Start: Begin with your arms in a vertical position.
Action: Lower the weight as far back (toward the floor) as you can.
Tip: Contract your pecs as you lift the weight.
Flat-Bench Flye (outer chest)
Start: Lie on a flat bench with your feet firmly planted on the ground. Begin with the dumbbells in an arms-vertical position, palms facing each other.
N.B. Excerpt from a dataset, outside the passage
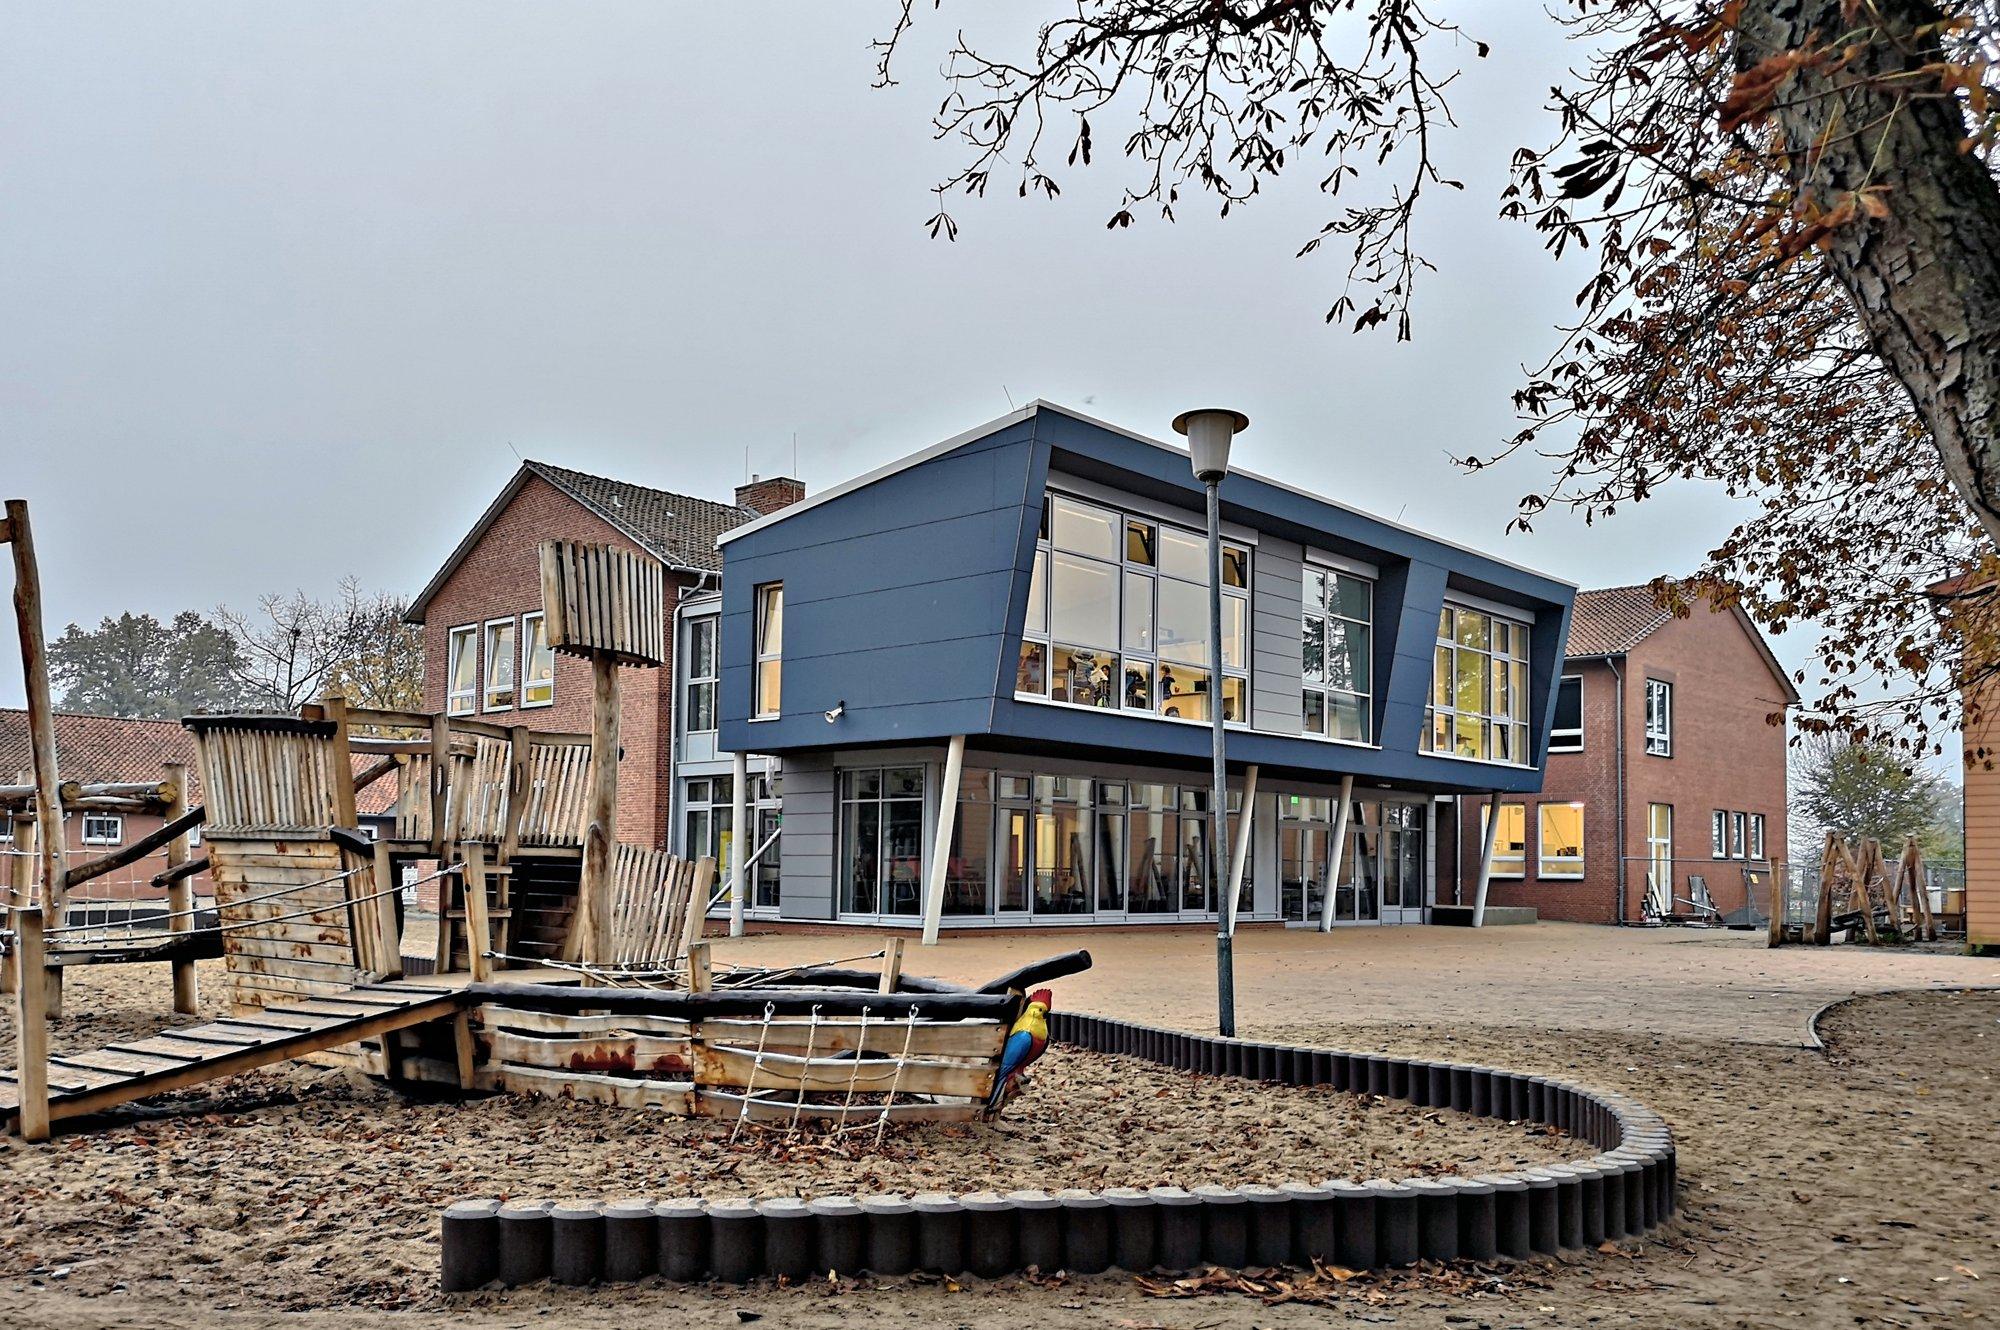 Ein Spielplatz vor dem blauen Schulgebäude der Elbtalschule in Bleckede

Action: Keep the elbows slightly unlocked, then lower the dumbbells out to the sides.
Tip: Arches belong on bridges! Keep your back as flat against the bench as you can.
Incline Press (upper, inner chest)
This exercise can be done with either a barbell or a pair of dumbbells.
Start: Set the bench to 40 degrees. Extend your arms straight overhead.
Action: Keeping the elbows out, lower the weight(s). Press upward to return to the start and repeat.
Tip: Your body needs oxygen! Exhale up and inhale down.